For more, check out the Hard Bop Homepage Blog.
|Morgan Rewind: A Tribute To Lee Morgan -- Roberto Magris Quintet
JMood -- 2010
Roberto Magris has been playing jazz for decades, and while well known in Europe he is a relatively obscure name in the United States. With this disc, however, hopefully that will change. Morgan Rewind: A Tribute to Lee Morgan is the first of two proposed volumes of the great hard bop legend's work. The majority of the tunes were written by Lee Morgan himself, with new arrangements by Magris and company. In addition to Magris on the piano, the quintet is anchored by the legendary "Tootie" Heath on the drums, Brandon Lee on the trumpet, Logan Richardson on alto sax, and Elisa Pruett on bass. A neat feature on the disc is the audio liner notes by Paul Collins.
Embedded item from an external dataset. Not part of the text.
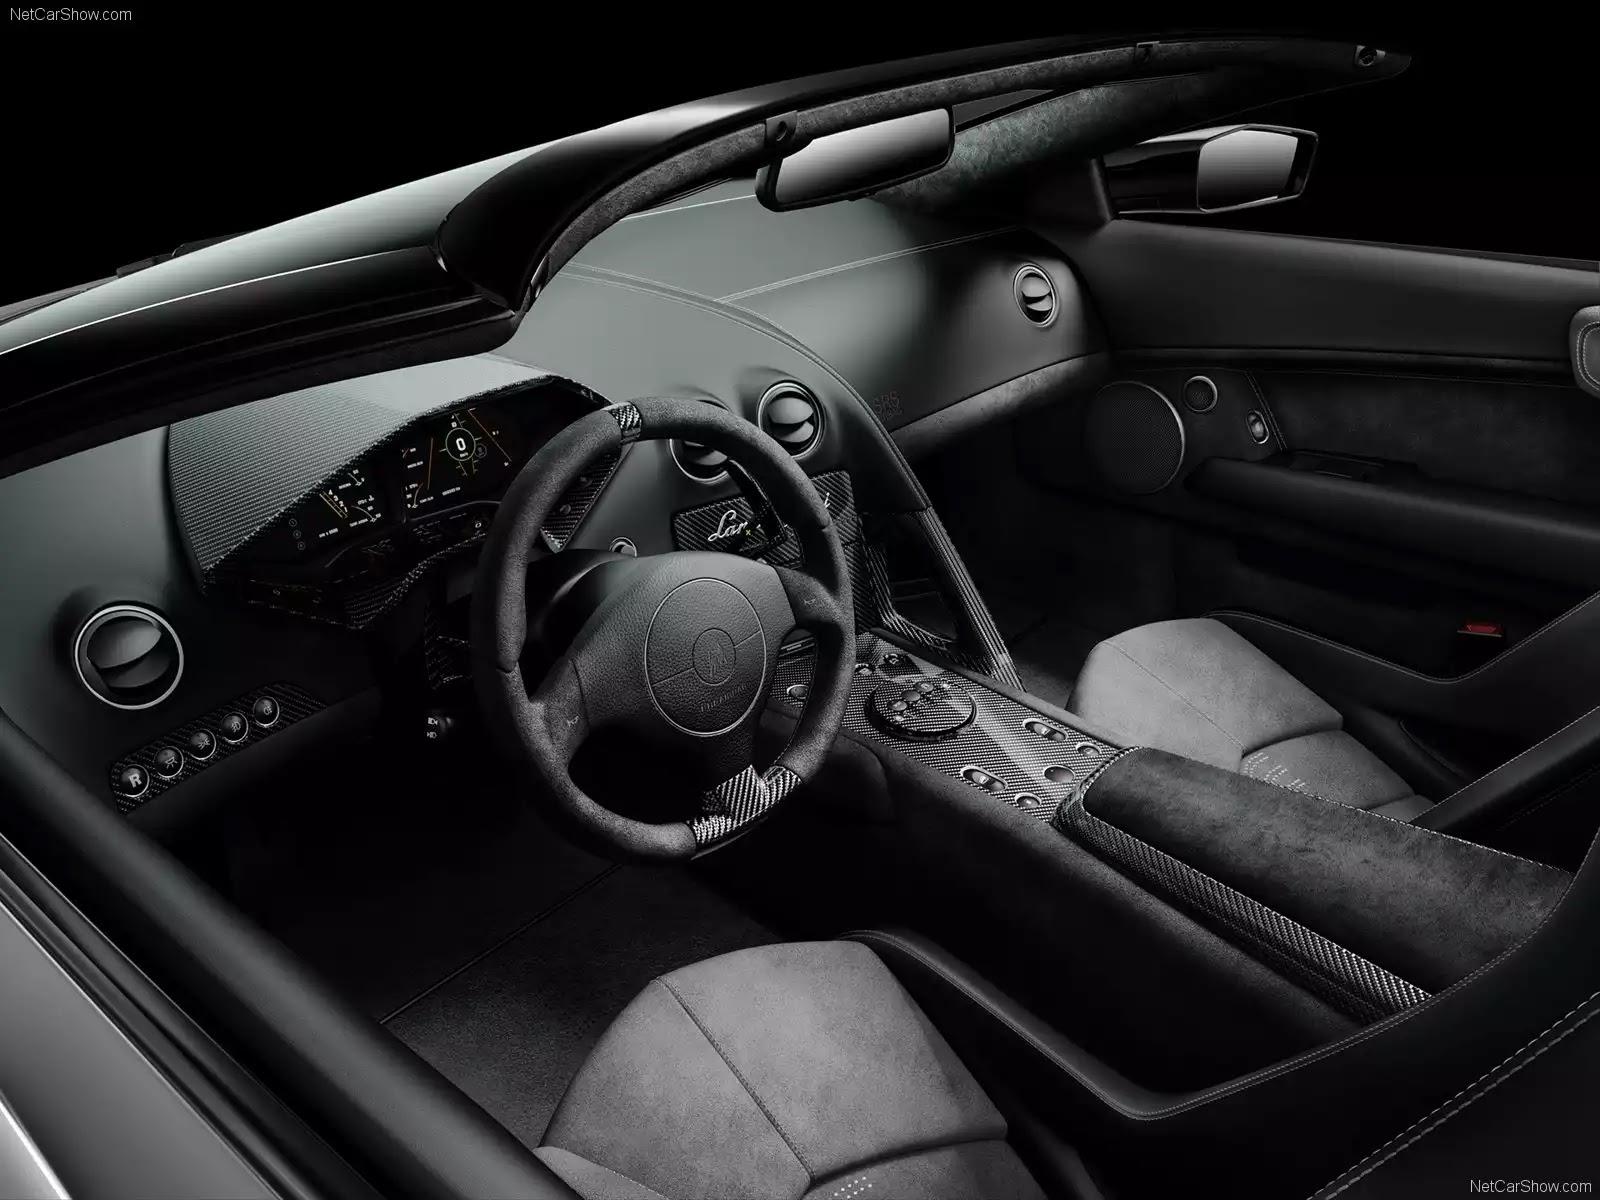 Hình ảnh siêu xe Lamborghini Reventon Roadster 2010 & nội ngoại thất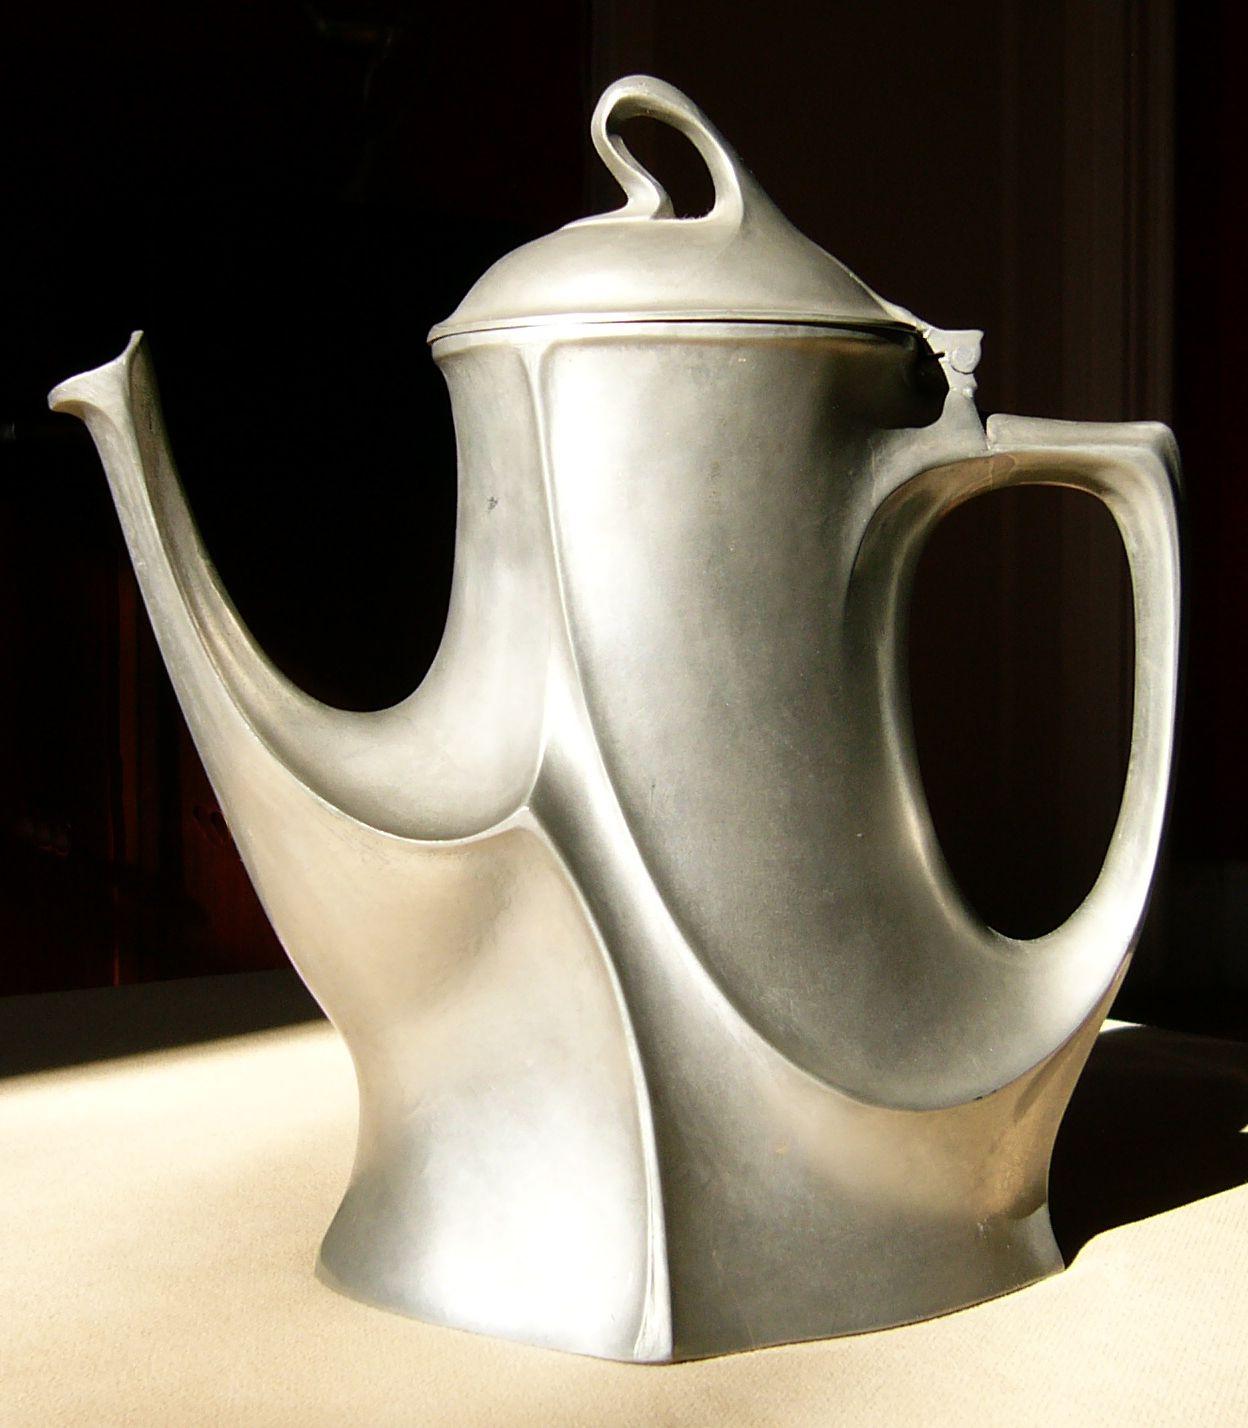 Art Nouveau - jugendstil pewter coffee pot

Also worth investigating is the Magris Quintet's earlier set Mating Call that is equally as enjoyable. Check it out.
|Jazz on DVD
|One of the problems with viewing jazz on television or DVD is that the primary emphasis of the entire endeavor--the music--often suffers because of inferior recording and playback. While many people run their TV sets through their stereo units, fewer people have stereo setups anymore and most people simply use the speakers on their set. This is far from the optimum way to hear jazz. In addition, most vintage concerts and shows suffer from poor recording quality at the source. Nevertheless, these gems are now the only way we have to visually see jazz legends in action and are certainly worth the price of admission. As always, enjoy.
--Eric Olsen, 08/19/11
|Dizzy Gillespie Dream Band (1982)
Dizzy Gillespie -- MVDvisual
This is a fascinating Lincoln Center concert from 1982. The parade of jazz legends is jaw dropping: Max Roach, Gerry Mulligan, John Faddis, Milt Jackson, Paquito DiRiviera, Frank Foster, Curtis Fuller, Melba Liston, Candido, and more. As expected, most of the compositions are by Gillespie, "Manteca," "Night In Tunisia," "Groovin' High," "Tin Tin Deo," and "Salt Peanuts." There is also a Max Roach feature, "Mr. Hi Hat," as well as a tribute to Charlie Parker with Tadd Dameron's "Hot House," and the bebop standard "Lover Man." There are definite issue with the audio, but the historical value more than compensates.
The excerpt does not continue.